Art – Paint your own masterpiece: Create your own version of Mont St Michel, or of an impressive scene near your school. Are there any beautiful or striking images near you that could be immortalised as a painting? James Webb uses oil paint to create this artwork but explore the other materials and techniques children might like to explore.

 

Geography – Tidal islands: Mont St Michel is fascinating from a geography perspective! It is a tidal island in Normandy, France, which is cut off from the mainland during high-tide. Why not study the rock formations around the island, and how they have changed over the years?

 

Design – Create your own fishing boat: Take a washing-up bowl of water and a limited supply of materials (egg cartons, foil, straws, craft sticks). Can you create your own floating fishing boat? How much weight can your boat take before it sinks?

 

Literacy – The story of the painting: Images provide great inspiration for storytelling and Mont St Michel is just one of many works of art on display at the Guildhall Art Gallery. Choose another painting and use it as the start of a story.
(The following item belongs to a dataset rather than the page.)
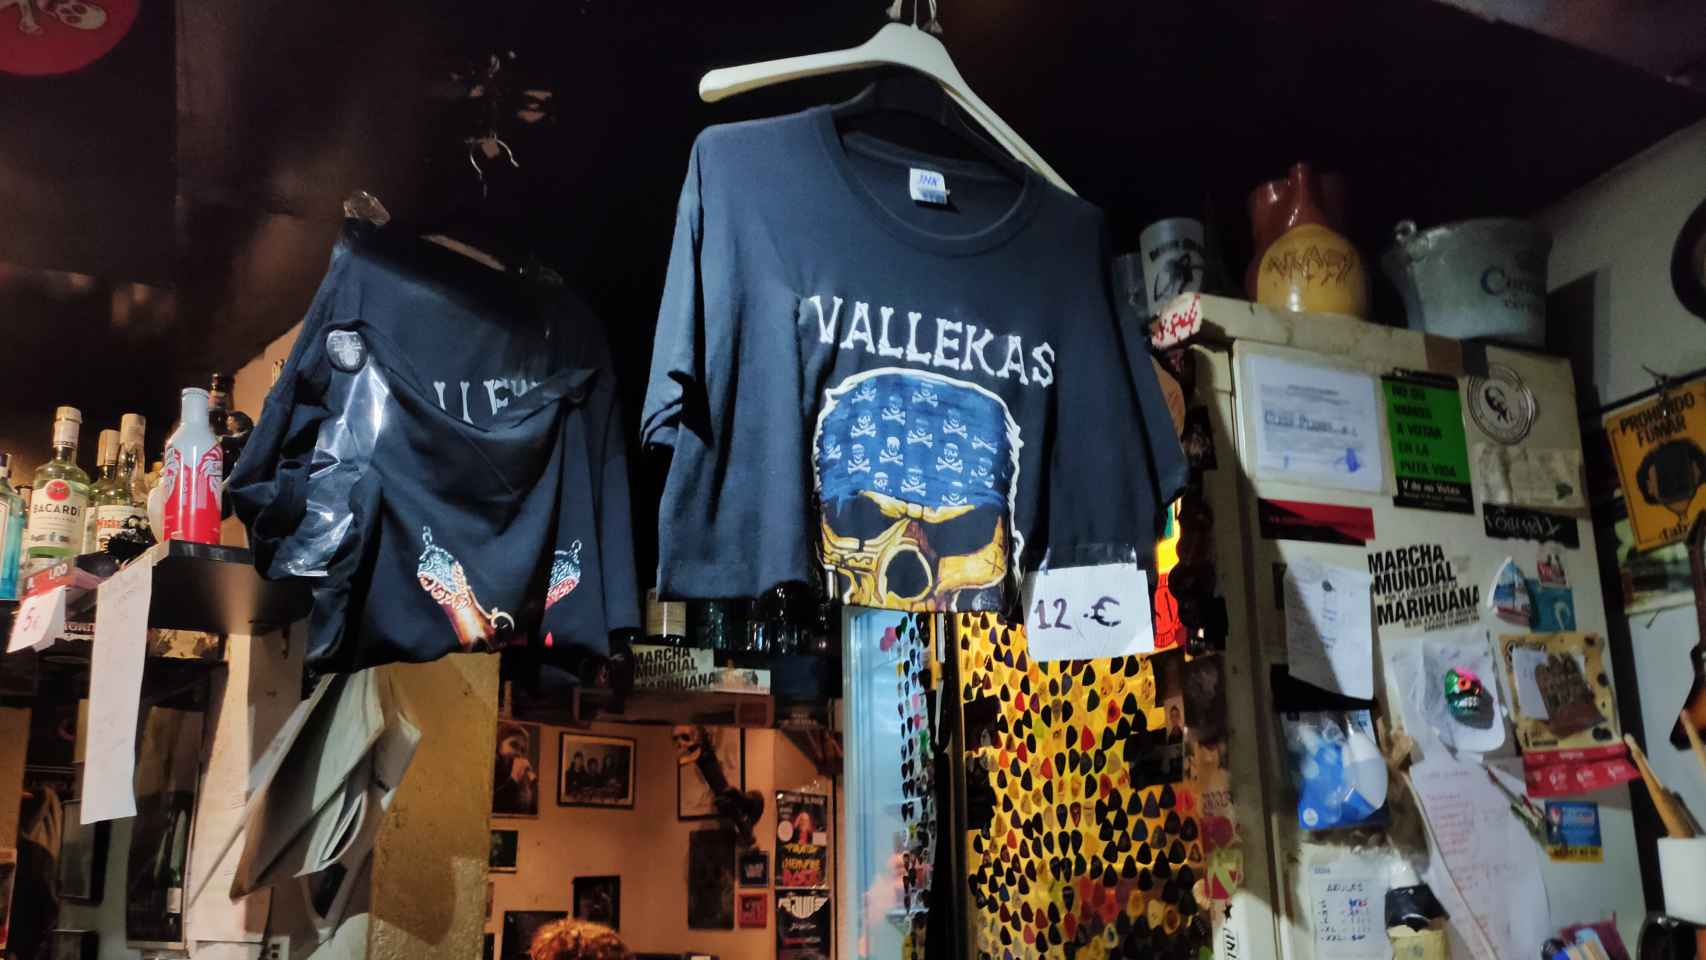 Camiseta de 'Vallekas' a la venta tras la barra del local. Al fondo, cientos de púas de guitarra.

Use the five W’s as a starting point:  What can you see? Where is the scene? Who is there? What is happening, and why?

 

Science – Coastal creatures: What animals live on the Normandy coastline? We can see many seagulls in the picture, one plunging into the sea for food. Where are they in the food-chain of that area?

 

Maths – Drawing with grid co-ordinates: Mapping a grid over an image can help you recreate it accurately. Try this approach with Mont St Michel. Place a grid over the image, or part of the image, and mark the x-y co-ordinates of key lines and sections. Now try creating your own sketch version of the image, using the grid to guide your hand.

 

Bonus Top Tip

Spot the difference: Take a look at James Webb’s other version of Mont St Michel in the Tate’s collection (https://www.tate.org.uk/art/artworks/webb-mont-st-michel-normandy-n01684) What differences can you see between the two artworks? How does this inform your understanding of the Guildhall Art Gallery’s version?

 

We hope you enjoy these additional ideas to try back in the classroom.